Risk of not implementing AC.L2-3.1.8
Not enforcing failed-login thresholds leaves systems vulnerable to automated brute-force and credential-stuffing attacks. An attacker who obtains valid credentials or successfully guesses passwords can access systems containing CUI, leading to data theft, mission impact, and compliance violations. Additionally, lacking logs and documented enforcement increases the chance of failing audits and can result in contractual penalties for small businesses handling DoD-related information.

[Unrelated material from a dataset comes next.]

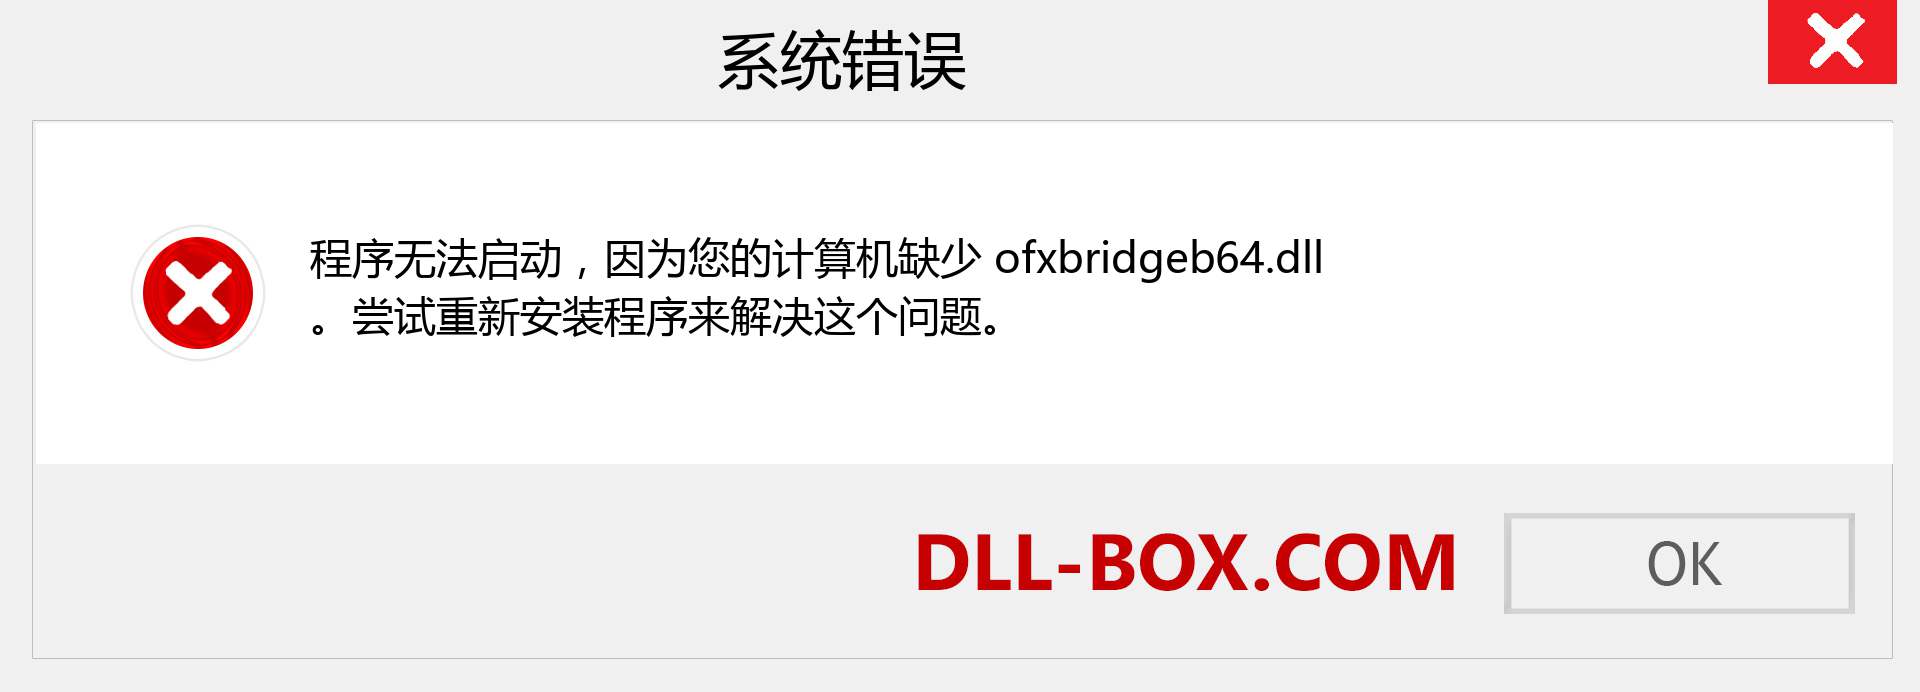 ofxbridgeb64.dll 文件丢失？。 适用于 Windows 7、8、10 的下载 - 修复 Windows、照片、图像上的 ofxbridgeb64 dll 丢失错误
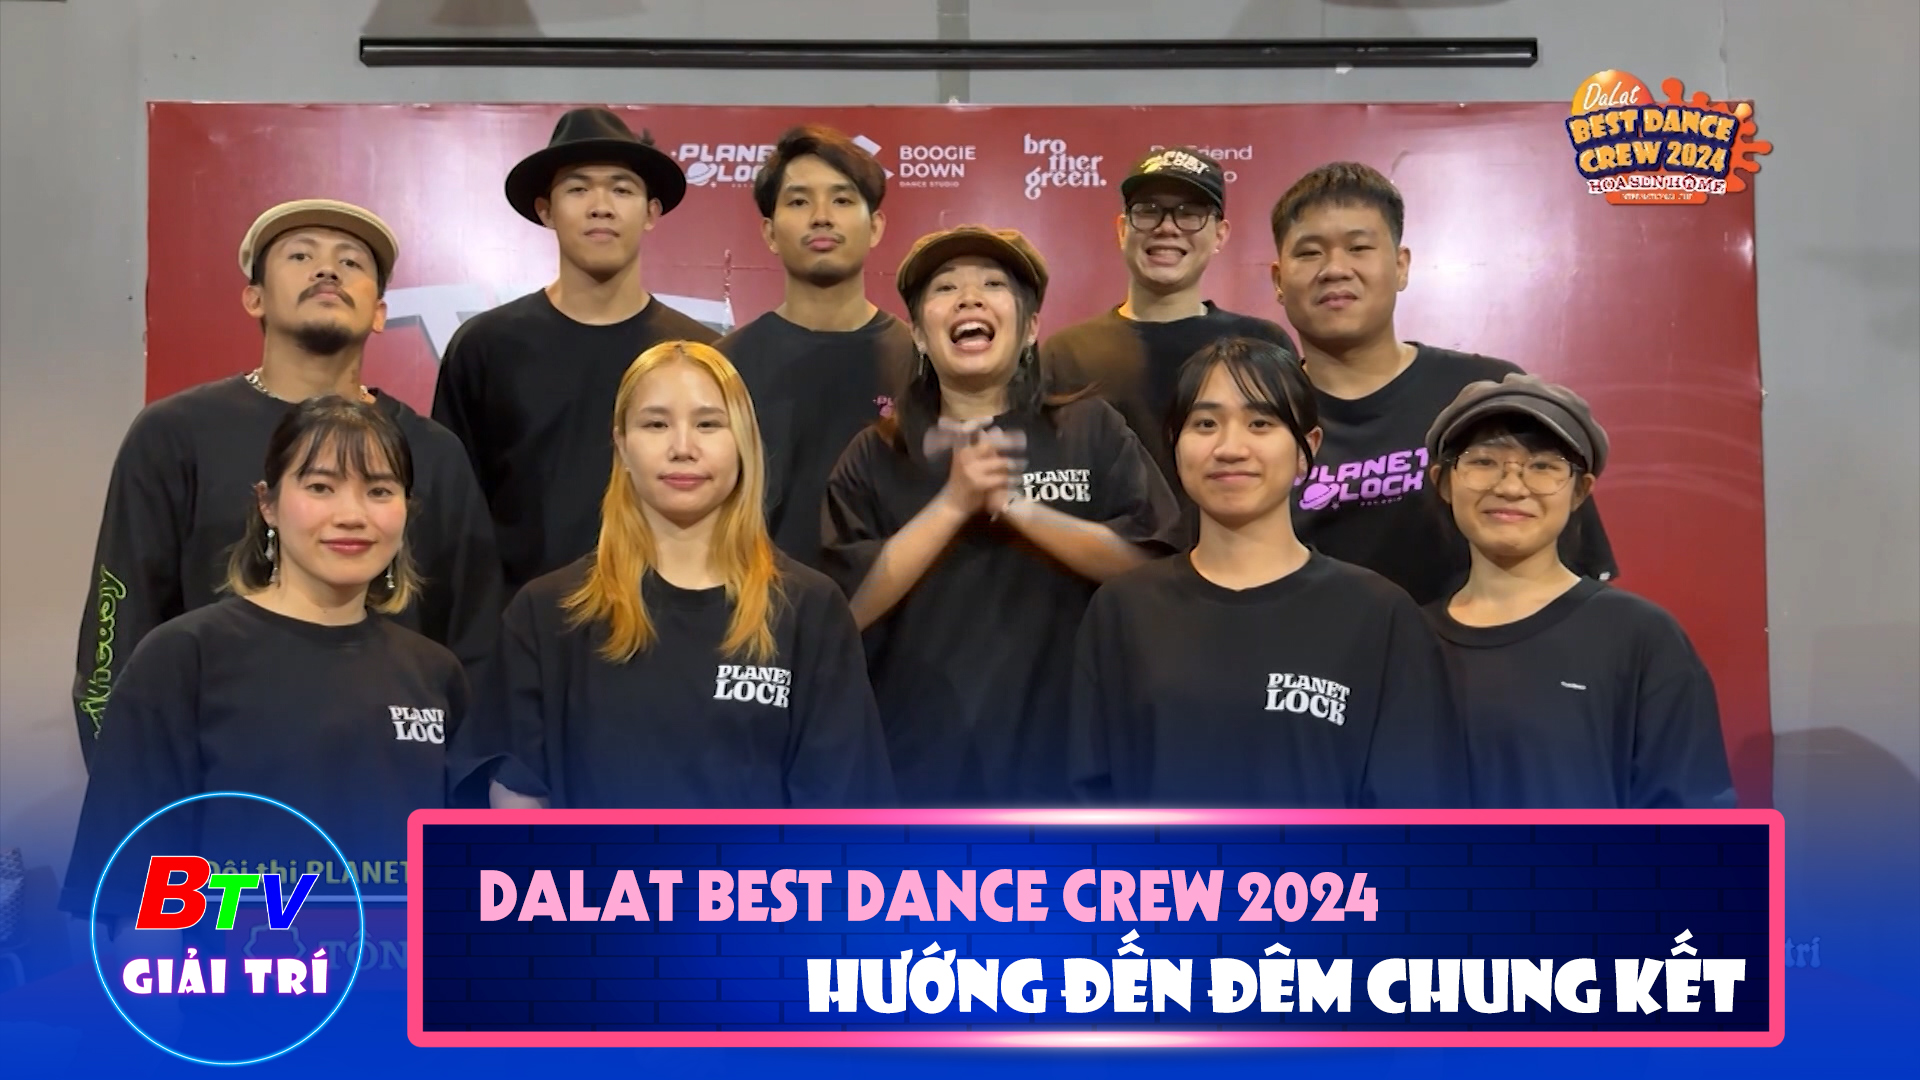 Dalat Best Dance Crew 2024 - Hoa Sen Home International Cup - Nỗ lực tập luyện hướng đến đêm chung kết

In summary, implementing failed-login thresholds for Linux and SSH to satisfy AC.L2-3.1.8 requires combining PAM-based account lockouts, SSH hardening, IP-level bans (Fail2Ban), centralized logging, and thorough documentation. For small businesses, prioritize systems that handle CUI, test configurations carefully, document policies and exceptions, and ensure monitoring and evidence collection are in place to demonstrate compliance during assessment.